Entra hoy en vigor la ley cínicamente llamada de «salud reproductiva y sexual», que conculca el derecho a la vida, sometiéndolo a la decisión discrecional de la madre, que podrá «desembarazarse» de la criatura que se gesta en sus entrañas como quien se extirpa una verruga. No creo probable que la nueva ley favorezca la comisión de más abortos quirúrgicos; entre otras razones, porque la nueva ley ya se preocupa de promover el aborto químico, que es menos truculento y engorroso, imponiendo a los farmacéuticos la obligación de expedir la llamada «píldora del día después» como si de una aspirina se tratase. Pues lo que la nueva ley pretende es, ante todo, «simplificar» la decisión moral que todo aborto conlleva, convirtiendo la comisión de un crimen en algo irrelevante y aséptico (en esto consiste la «banalidad del mal») y propiciando de este modo lo que C. S. Lewis llamaba «la abolición del hombre»; esto es, la creación de una sociedad sin capacidad de discernimiento moral, una sociedad «automática» que evita enjuiciar éticamente sus acciones, engolosinada por la consecución del interés propio.
Cifrar en el Tribunal Constitucional la esperanza de que esta ley inicua sea desautorizada es tan ilusorio como reclamar peras al olmo; pues a nadie se le escapa que dicho Tribunal forma parte de la misma «organización» que ha encumbrado el aborto a la categoría de derecho: una «organización» que proclama que la ley es «expresión de la voluntad popular», sin sometimiento a ningún razonamiento previo sobre lo que es justo e injusto; y así, liberada de ese razonamiento previo, la «voluntad popular» se convierte, inevitablemente, en una pura satisfacción del interés propio, que cuando se hace «mayoritario» adopta la fórmula de leyes positivas que el Tribunal Constitucional, en una labor típicamente «ancilar» o lacayuna, se limita a «encajar» en el barrizal positivista. Se suele esgrimir que el Tribunal Constitucional, allá por 1985, dictaminó que la protección del nasciturusimponía al Estado la obligación de «establecer un sistema legal para la defensa de la vida que suponga una protección efectiva de la misma». Pero se olvida que ese mismo Tribunal, en su sentencia 116/1999, de 17 de junio, afirmó que «los no nacidos no pueden considerarse en nuestro ordenamiento constitucional como titulares del derecho fundamental de la vida». O sea, donde dije «digo» digo «Diego». Que ésta, al fin, es la misión asignada al mencionado Tribunal: una misión, en verdad, depauperada y sórdida, como la del sicario a quien le toca «justificar» los crímenes de su amo; para lo cual no vacila en seguir al dedillo la doctrina establecida por Groucho Marx: «Estos son mis principios; si no le gustan, tengo otros».

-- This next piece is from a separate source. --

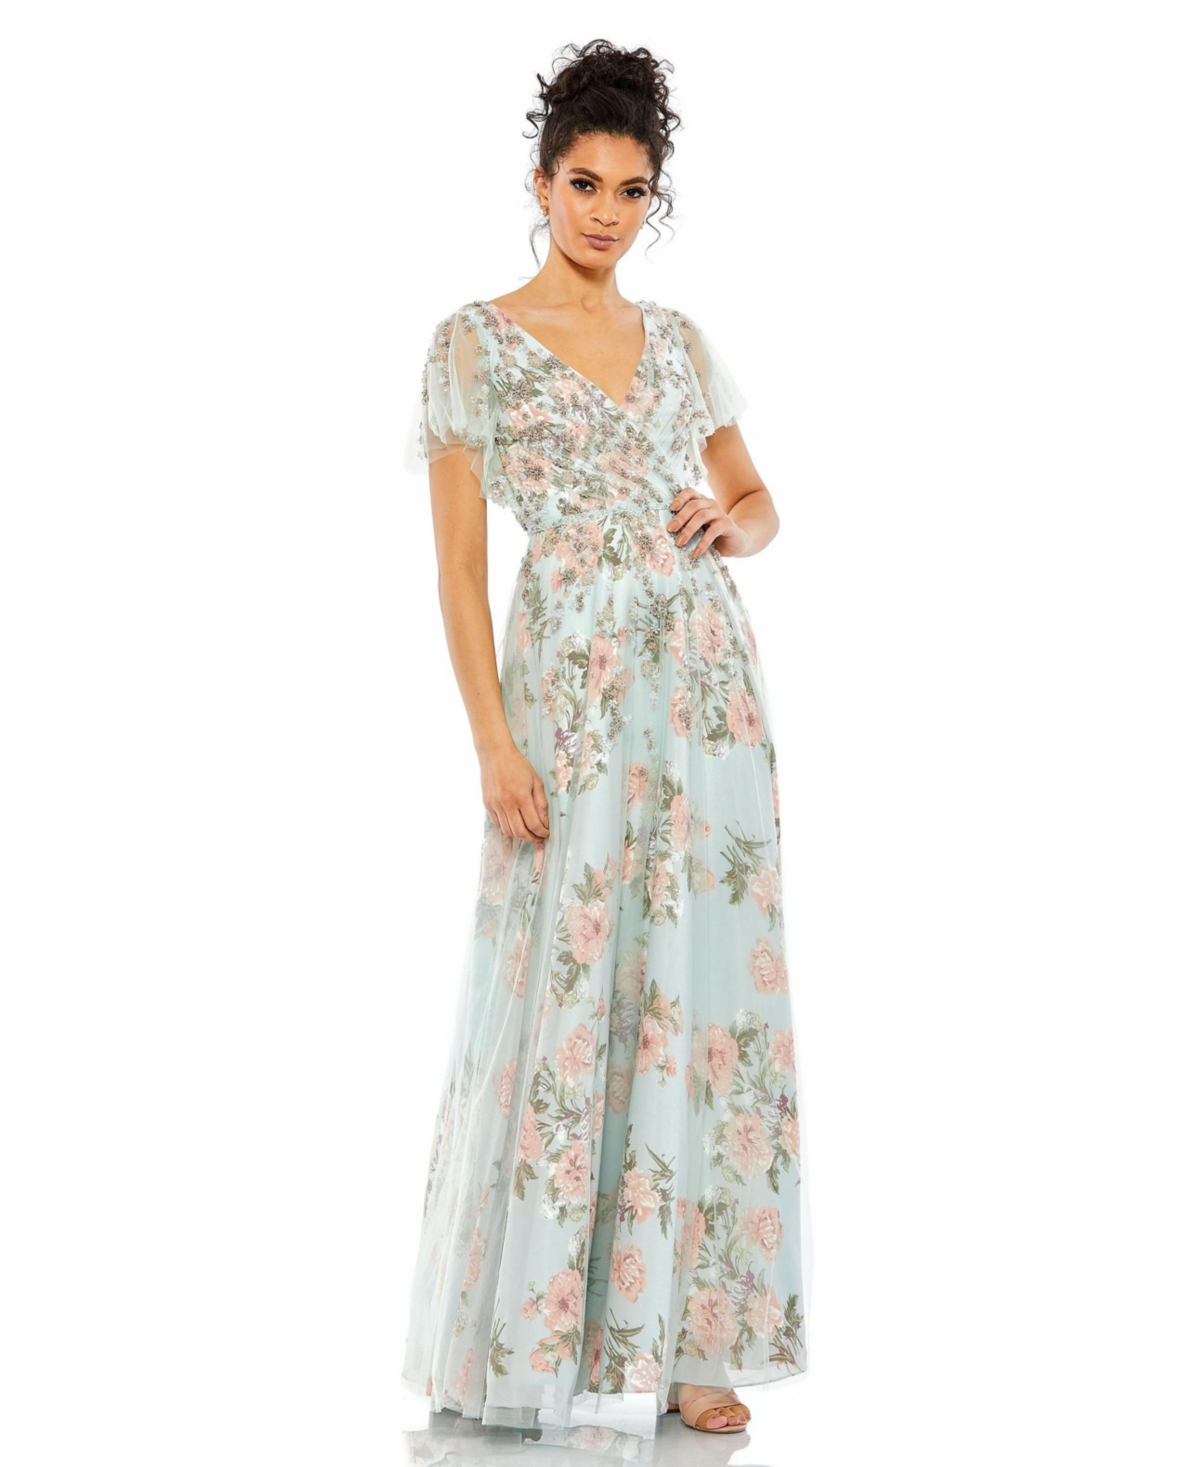 Great Gatsby Dress – Great Gatsby Dresses for Sale Womens Floral Flutter Sleeve V-Neck Maxi Dress - Blue multi $458.00 AT vintagedancer.com

El aborto sólo podrá detenerse si se logra una verdadera «metanoia», un cambio o conversión social; y ese cambio no lo «producirán» las leyes, ni mucho menos el teatrillo de marionetas de los togados. Con el aborto entronizado como derecho sólo acabará el testimonio contagioso de las personas que acojan amorosamente la vida, que prediquen con el ejemplo teniendo hijos y mostrando a sus contemporáneos el inmenso bien que esos hijos traen al mundo; provocando, en fin, entre sus contemporáneos envidia (sana envidia) de ese bien que a ellos les falta. Esto mismo fue lo que hizo un patricio llamado Filemón, hace veinte siglos, acogiendo como un hermano a su esclavo Onésimo, en una sociedad que había encumbrado la esclavitud a la categoría de derecho: sembrar la semilla de una conversión social.